1.2 The Buyer agrees that, upon placement of an order for Goods with ULA, the Goods will be supplied by ULA under these terms and conditions and the Buyer will accept the purchase of the Goods under these terms and conditions.

2.0 Time of Delivery

2.1 Any time of delivery specified by ULA shall be an estimate only. ULA will use it’s best endeavour to deliver the Goods by that time but will not be liable for any loss, damage or delay arising from late or non-delivery of the Goods.

3.0 Delivery

3.1 The Goods will be delivered to the Buyer at the delivery address specified by the Buyer upon placement of the order. If no delivery address is specified, the Goods will be collected by the Buyer from ULA.
3.2 The cost of delivery of the Goods to the Buyer will be payable by the Buyer.
3.3 ULA agrees to deliver the Goods to the delivery address on behalf of the Buyer by either the Buyers freight forwarder or (if the Buyer does not nominate a forwarder) any freight forwarder ULA may nominate in their behalf. ULA is not liable to the Buyer or any other party claiming though the Buyer for any loss or damage caused in the delivery of the Goods (whether or not ULA is legally responsible for the person who contributed to that loss or damage) in respect to the action or actions of freight forwarders or other parties.

4.0 Payment

4.1 Where ULA has allowed credit to the Buyer, payment for all Goods is to be made strictly by the 28th day of the month following the issue of the invoice unless varied in writing by ULA; Otherwise, payment is to be made upon (before) delivery of the Goods; Else payment is to be made as agreed and scheduled in written proposal or contract
4.2 Payment will be made by deposit of clear funds to ULA’s nominated bank account by way of direct deposit, telegraphic transfer, cheque, or by credit card facilities provided by ULA. ULAs banking details are as follows:

Australian Payments:
Commonwealth Bank of Australia (CBA)
Broadbeach, QLD, 4215
BSB: 064 445 ACC: 10390149

Payments in foreign currency:
Per attached Schedule of Bank Accounts

4.3 In the event of the failure of the Buyer to meet payment by the 28th day of the month following the issue of the invoice:

a) payment discounts (if extended) will no longer be extended;
b) the Buyer will pay interest on any outstanding amount at the rate of 2% per month;
c) the Buyer will pay the legal costs and expenses on a solicitor/client basis which ULA may incur recovering any overdue amount; and
d) ULA reserves the right to withdraw the approval of credit and to refuse any subsequent orders from the Buyer for the supply of goods.

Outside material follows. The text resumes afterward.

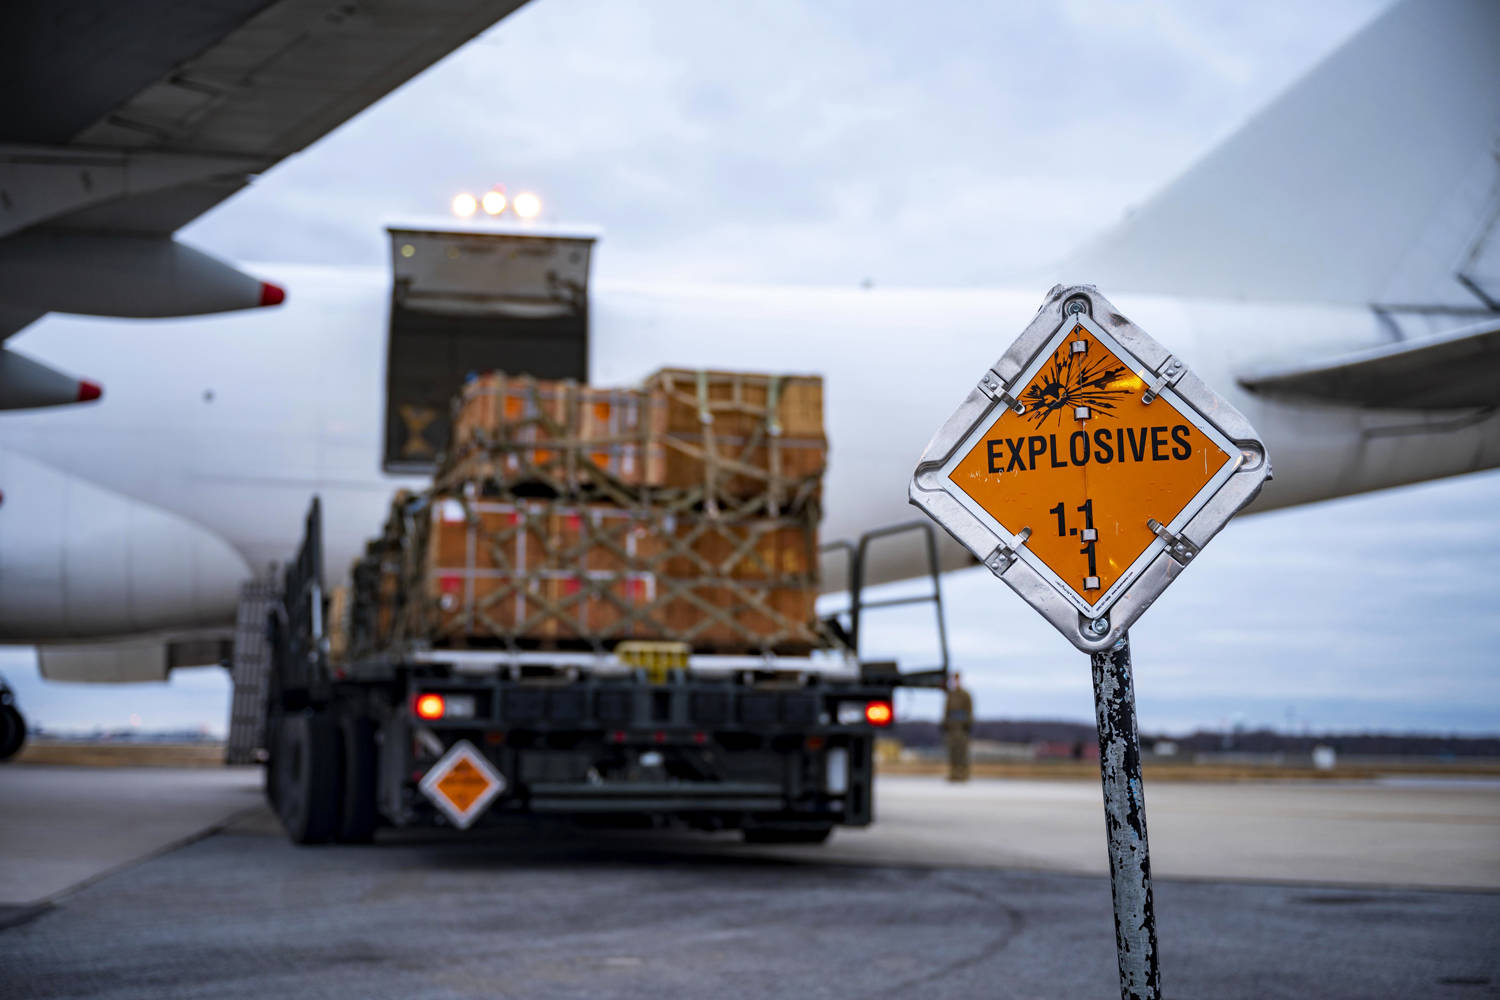 An explosives sign marks the cordon around a commercial aircraft during a security assistance mission at Dover Air Force Base, Del., Jan. 13, 2023. The United States has committed more than $24.5 billion in security assistance to Ukraine since the beginni. Photo: Air Force Airman 1st Class Amanda Jett

4.4 Where payment is agreed to be by schedule payment shall nonetheless be made by the Buyer to the schedule without regard to any delay
4.5 Unless otherwise stated, all prices quoted from time to time by ULA are exclusive of Goods and Services Tax.

5.0 Passing of Property

5.1 Property in the Goods will pass form ULA to the Buyer once ULA has received payment in full of the purchase price of the Goods.
5.2 Until property has passed to the Buyer, the Buyer shall hold the Goods as bailee for ULA and shall keep them separately stored and identified as the property of ULA.
5.3 In the event that the Buyer shall sell the Goods before property has passed to the Buyer, the Buyer will do so as agent of ULA and the proceeds of any such sale will be held on trust for ULA and kept in a separate account identified as containing monies from the sale of ULA’s property. The Buyer shall account to ULA for the whole of the proceeds received from such sale.
5.4 If the Goods become constituents of or are converted into, mixed with or used in the manufacture of other goods before the purchase price for the Goods is fully paid to ULA, the Buyer must record the value of the Goods so consumed in relation to each unit of finished product. Upon sale of these manufactured goods the Buyer must remit, from the proceeds of sale, that amount to ULA. Until such amounts are remitted to ULA, the Buyer must hold these monies on trust for ULA, ensuring that they are kept in a separate account identified as containing monies from the sale of ULA’s property and the Buyer shall account to ULA for the whole of such proceeds on demand.
5.5 Until property shall have passed as aforesaid ULA shall be at liberty at any time:

a) to by notice in writing, require the Buyer forthwith to return the Goods to ULA whereupon the Buyer shall cease to be in possession of them with the consent of ULA; or
b) to enter upon any premises where the Goods are or are reasonably believed by ULA to be situated to take responsibility of the Goods. For such purpose, the Buyer agrees that ULA has an irrevocable licence to enter upon such premises. In such event the Buyer agrees to indemnify ULA and/or ULA’s agent from actions or responsibility whether consequential or inconsequential arising from the retaking of possession of the Goods including but not limited to trespass, assault, or property damage.

6.0 Charge over Property

6.1 Notwithstanding clause 5, the Buyer hereby grants ULA the authority to charge all the Buyer’s real and personal property with its obligations under this Agreement and to lodge a consent caveat over the property of the Buyer to protect its interests with respect to the supply of the Goods to the Buyer;

7.0 Acceptance of Goods

7.1 The Buyer will inspect the Goods immediately upon delivery and give notice in writing to ULA within 36 hours of delivery in the event that the Goods are not in accordance with the order from the Buyer with respect to the type of Goods or the number of Goods.
7.2 If the Buyer shall not have given such notice within the time required under this clause, the Goods shall be deemed to been delivered in accordance with the order.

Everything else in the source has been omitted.